For this exercise, copy the data exactly and omit any images.

Data block:
┄┄┄┄┄┄┄┄┄┄┄┄┄┄┄┄┄┄┄┄

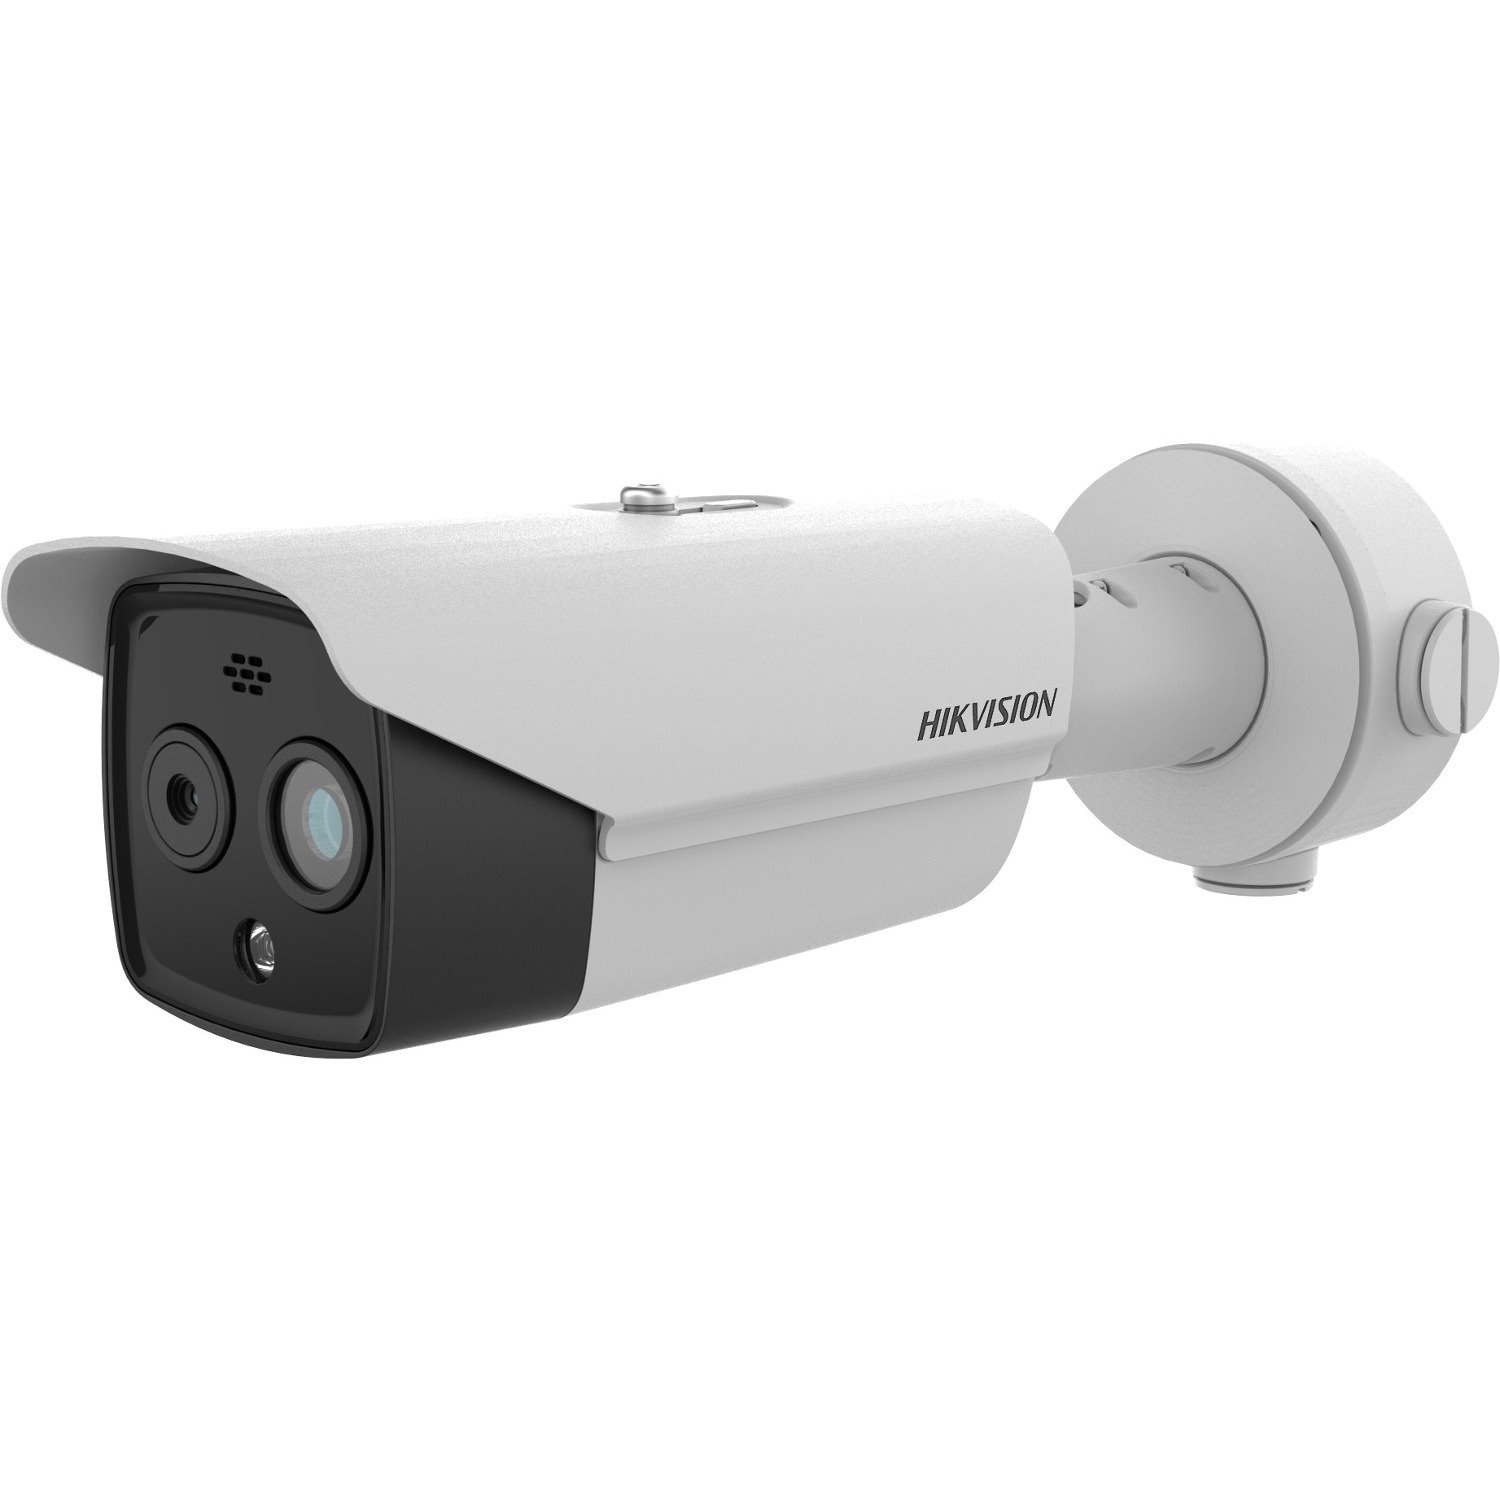 Hikvision HeatPro DS-2TD2628-3/QA Network Camera - Color - Bullet
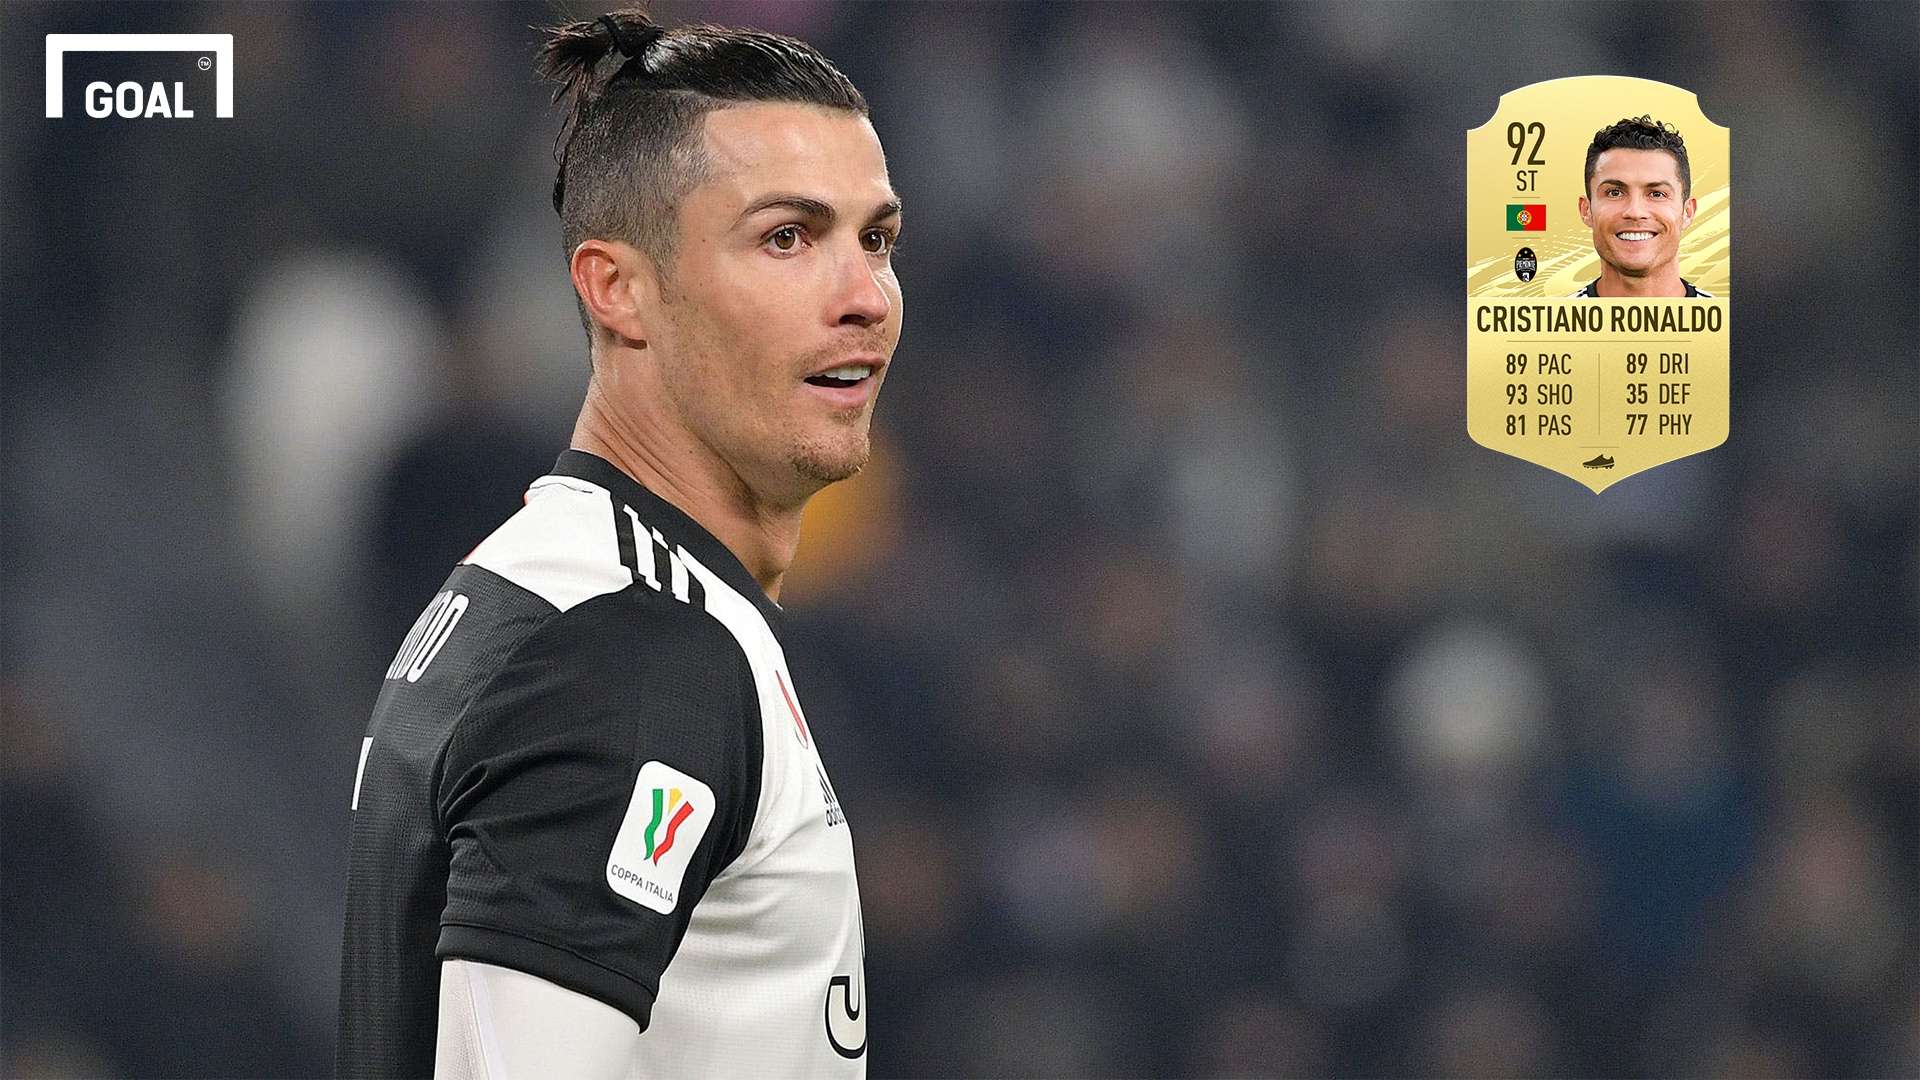 Cristiano Ronaldo FIFA 21 stats
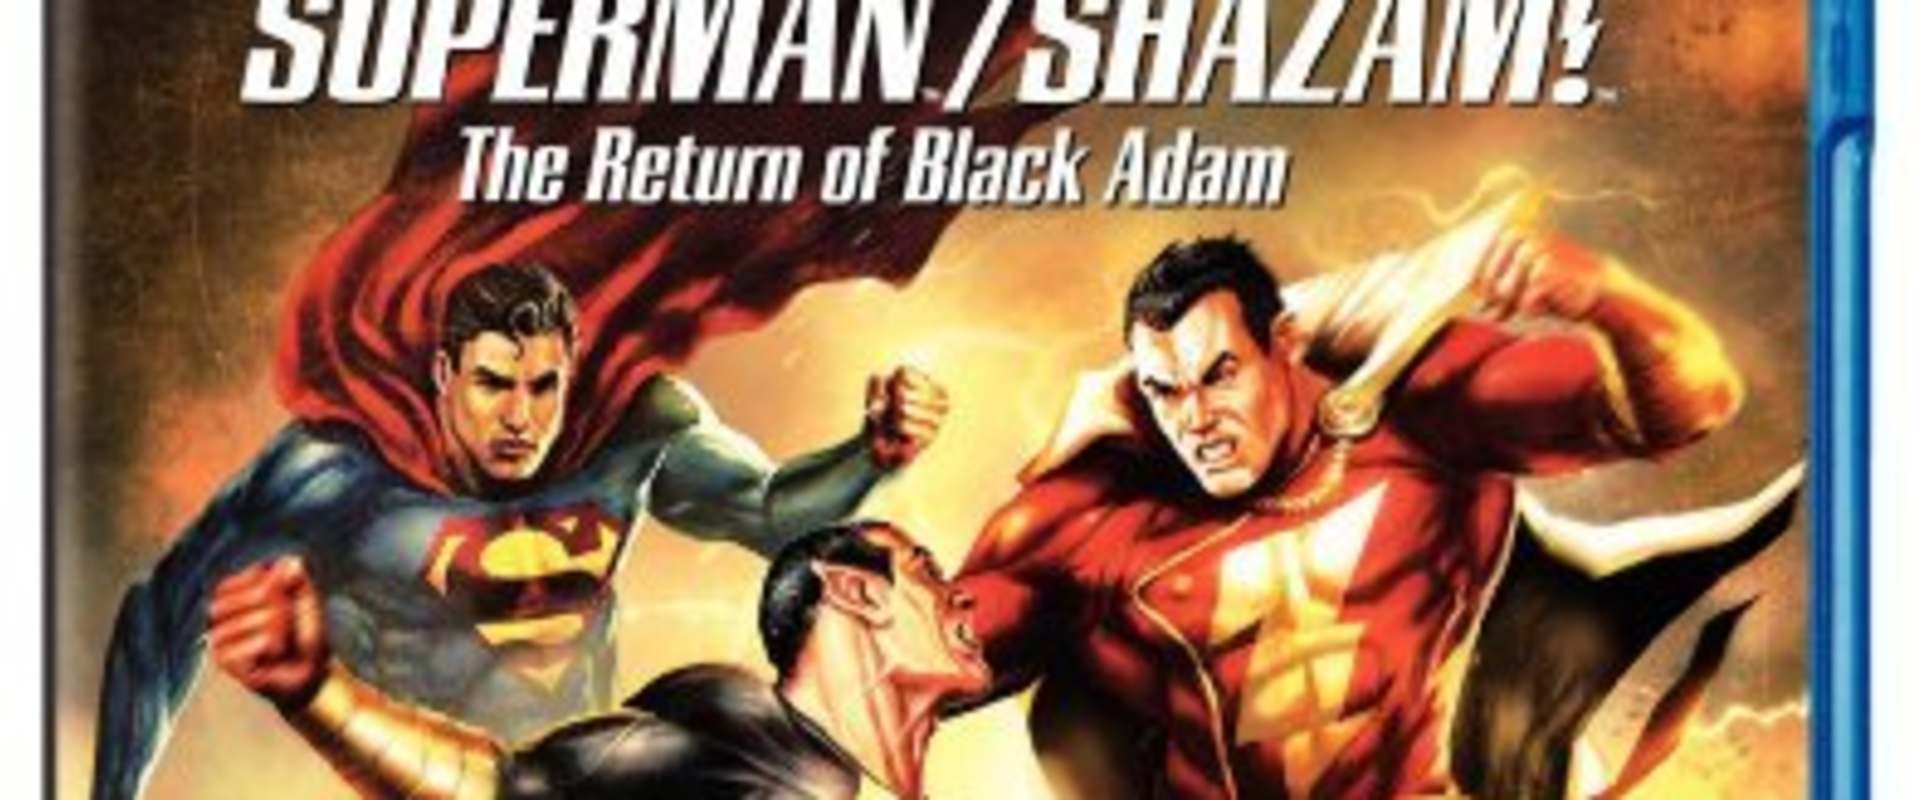 Superman/Shazam!: The Return of Black Adam background 2

┄┄┄┄┄┄┄┄┄┄┄┄┄┄┄┄┄┄┄┄

Task output:
 Hikvision HeatPro DS-2TD2628-3/QA Network Camera - Color - Bullet
 Cristiano Ronaldo FIFA 21 stats
 Superman/Shazam!: The Return of Black Adam background 2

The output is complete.